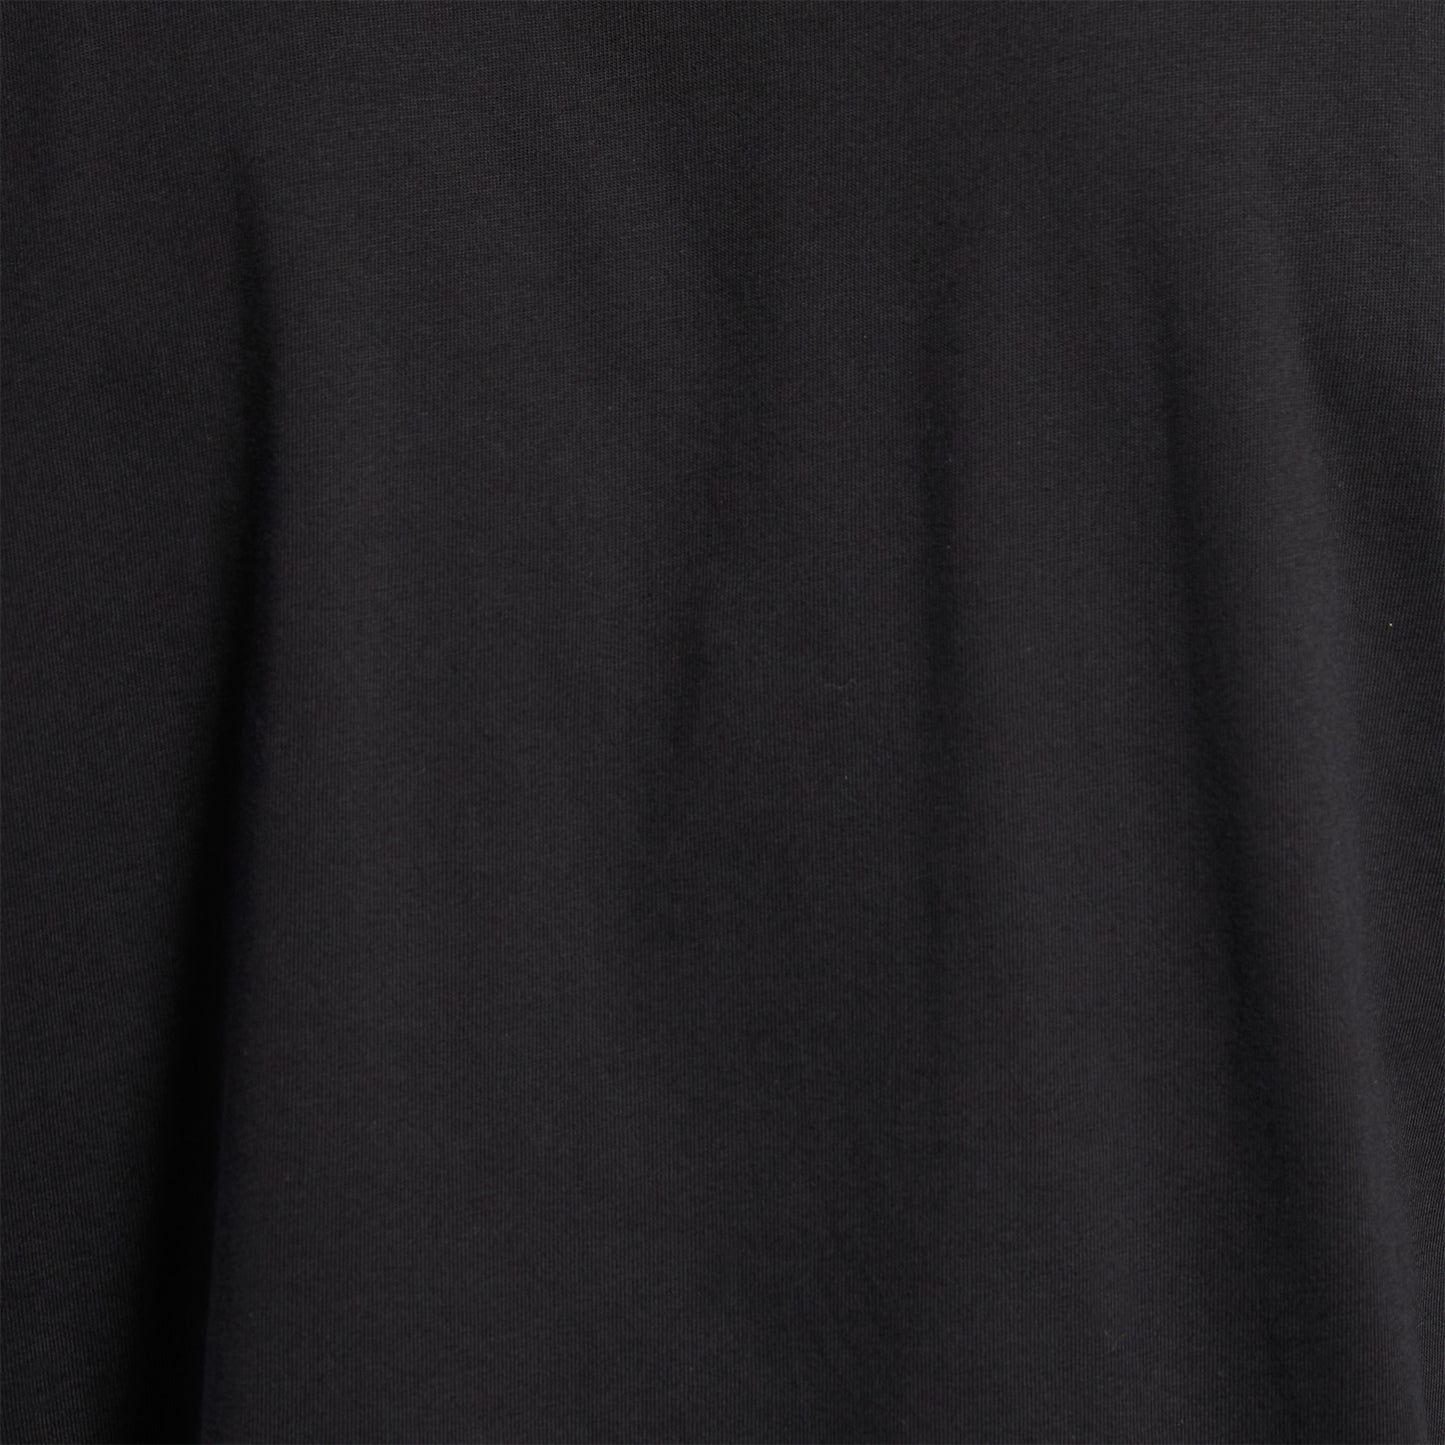 Reebok Apparel Men Classics Wardrobe Essentials Long-Sleeve Top T-Long-Sleeve Top Black
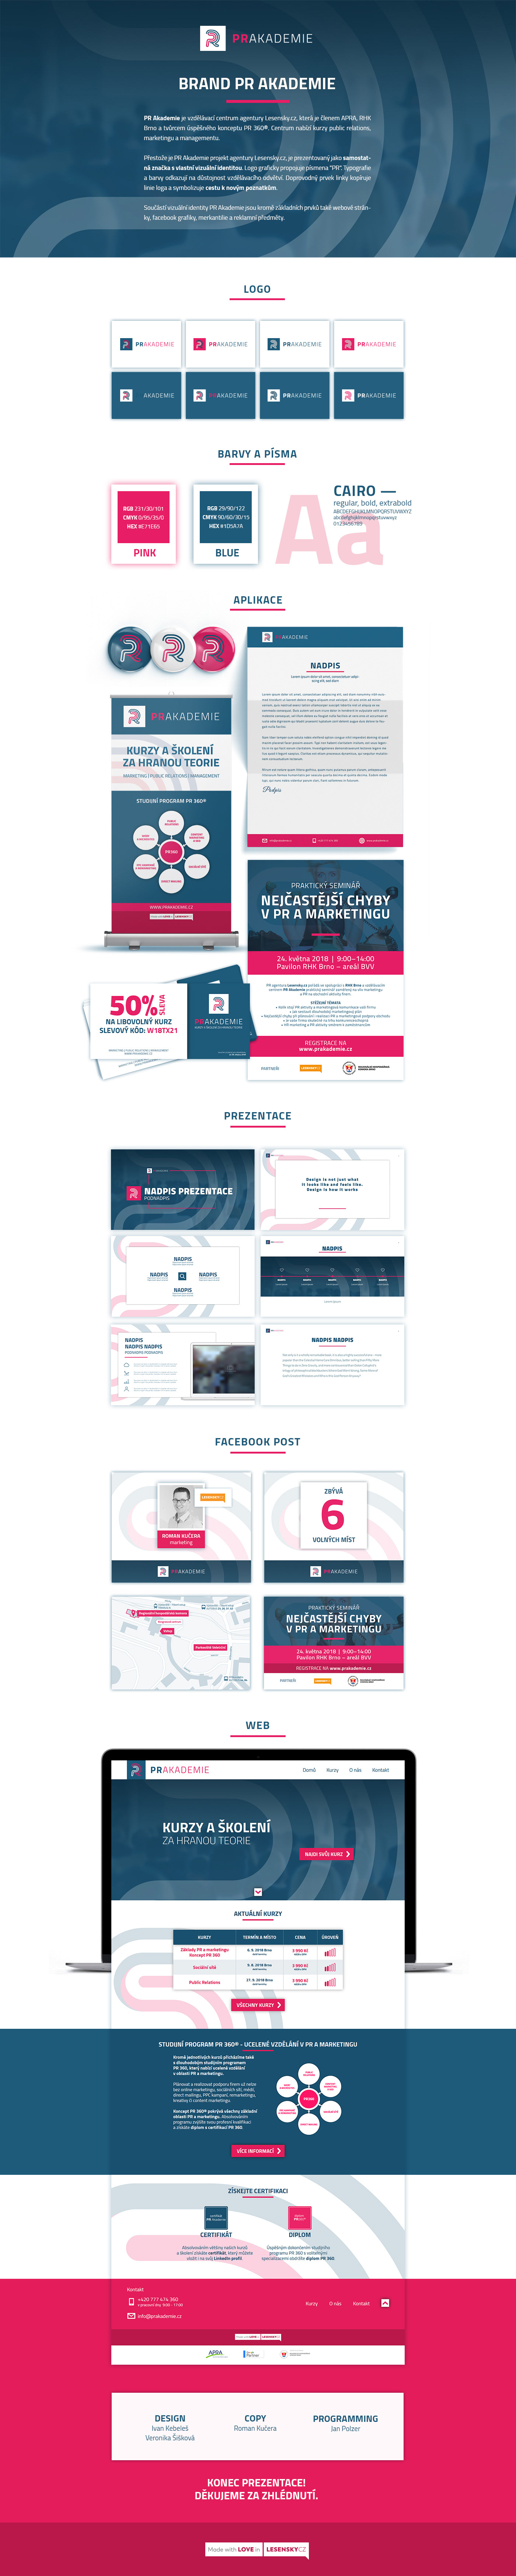 pr public relations brand design academy Website pink blue graphic
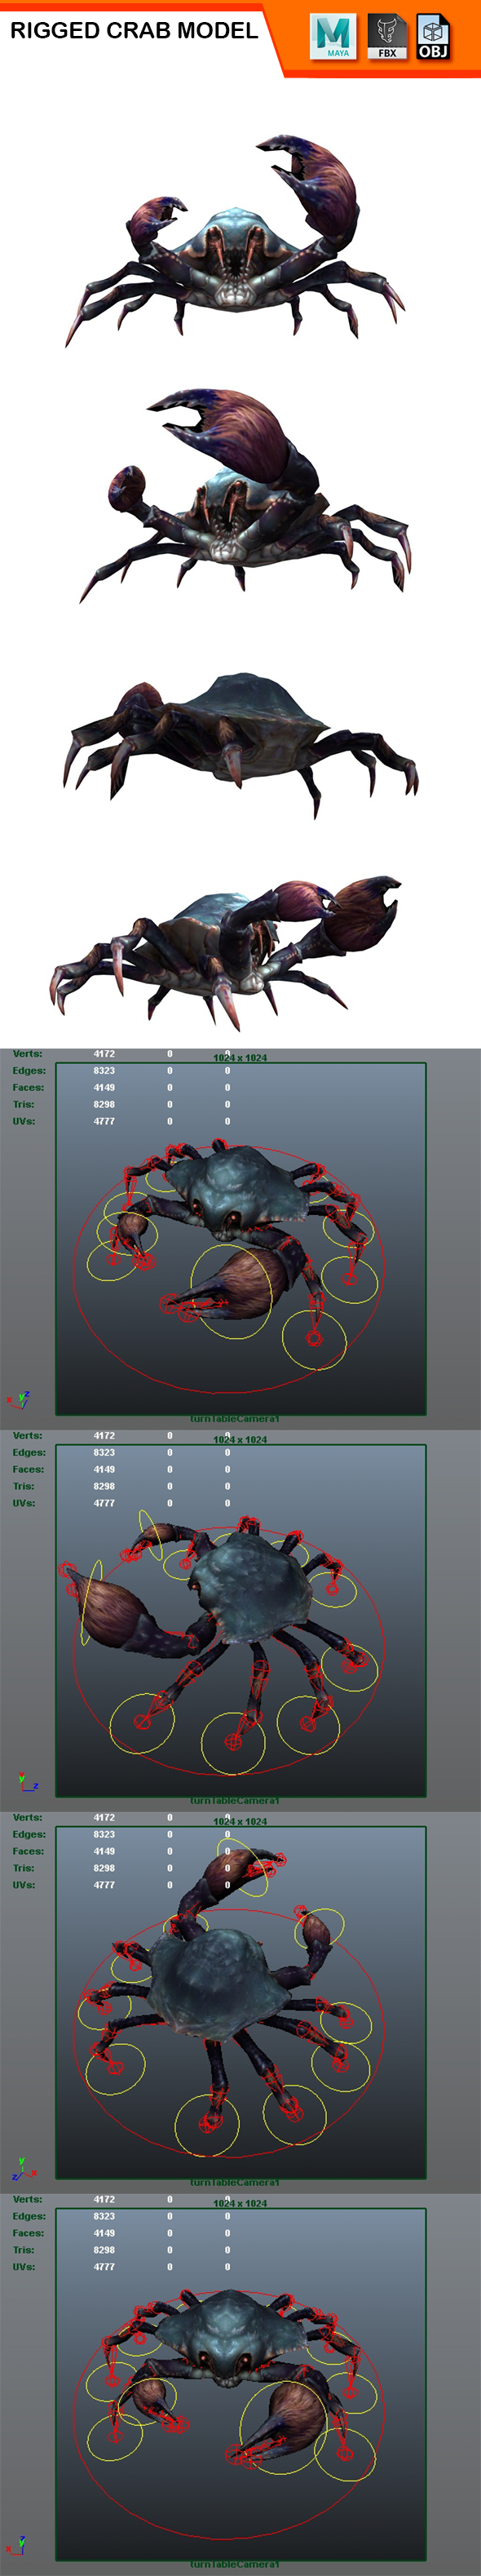 Rigged Crab Model - 3Docean 28405666

····················

Task statement | Without including the pictures, copy all of the data exactly.

Result of the exercise |
 Reebok Apparel Men Classics Wardrobe Essentials Long-Sleeve Top T-Long-Sleeve Top Black
 pr public relations brand design academy Website pink blue graphic
 Rigged Crab Model - 3Docean 28405666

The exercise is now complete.